Last night, thanks to the mysterious appearance of the HBO channels on our cable lineup, I finally watched Black Swan.  I approached the movie with extreme trepidation: because I get creeped out really easily and I don’t like to be startled, several people had told me I shouldn’t see it at all.  But I had Daniel next to me making fake-scary faces, waving his fingers, and going “WOOOO, it’s just a MOOOOOOVIE,” so I went for it.

At the end of the movie I posted on Facebook: “Saw Black Swan finally.  Kind of want to slap Darren Aronofsky upside the head.”

Here’s the thing: I am entirely willing to believe that the world of ballet has the potential to attract and/or create psychologically damaged people.  (It helps that I was obsessed with Gelsey Kirkland’s autobio Dancing on my Grave  when I was in high school.)  Stage mothers living out their frustrated dance dreams through their daughters are real.  Emotionally and sexually manipulative company directors are real (depending on the view one takes of George Balanchine, who by some accounts was the model for the character of Thomas in Black Swan).  The consuming desire for perfection is real.  The anxiety about career longevity and advancement is real.  The bloody toes are real.  Even the characterization of Nina, simultaneously sheltered and damaged, coddled and neglected, rang somewhat true for me: a promising dancer who commits to a company at age 18 is making a decision she probably isn’t developmentally prepared to make and ends up coming of age in a hothouse atmosphere where her usefulness to society is very narrowly defined (see also Sergei what’s-his-name, 21, who just left the Royal Ballet to run a tattoo studio or something).
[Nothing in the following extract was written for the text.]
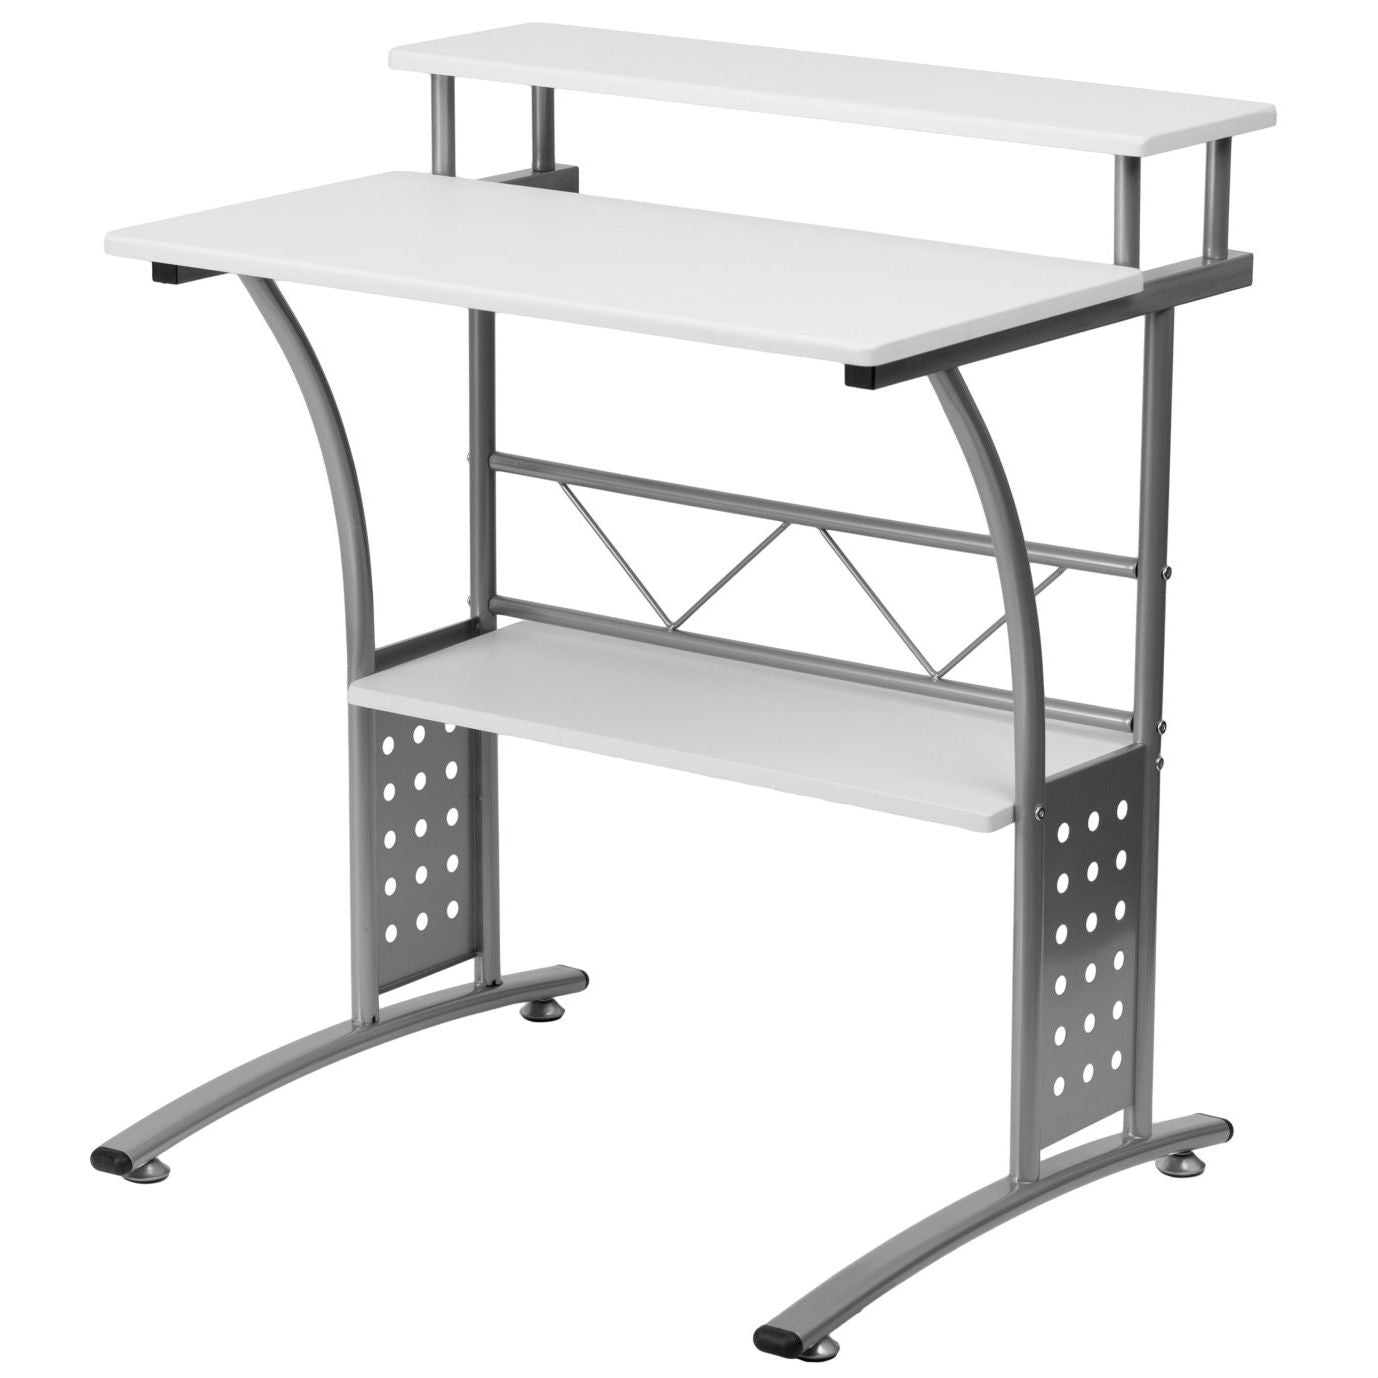 FastFurnishings Modern Metal Frame Computer Desk with White Laminate Top and Raised Shelf

So my beef with Black Swan is not with its portrayal of the world of professional dance.  My beef with Black Swan is with its cinematic style.  Doesn’t Aronofsky trust his audience?  The beginning of the movie was so in medias res that I actually thought we had missed the first 15 minutes or something.  We have no indication of how Nina became the psychological train wreck that she is (potentially a more interesting story, IMO).  The movie starts with the melodrama-o-meter dialed up to 11 and then keeps cranking on it all the way to the end.  Stop it with the claustrophobic interiors, the grey-on-grey-on-grey color scheme, the relentless distastefulness of the characters.  Couldn’t I just have spent the whole movie with Mila Kunis’s character?  She seemed like a cool girl.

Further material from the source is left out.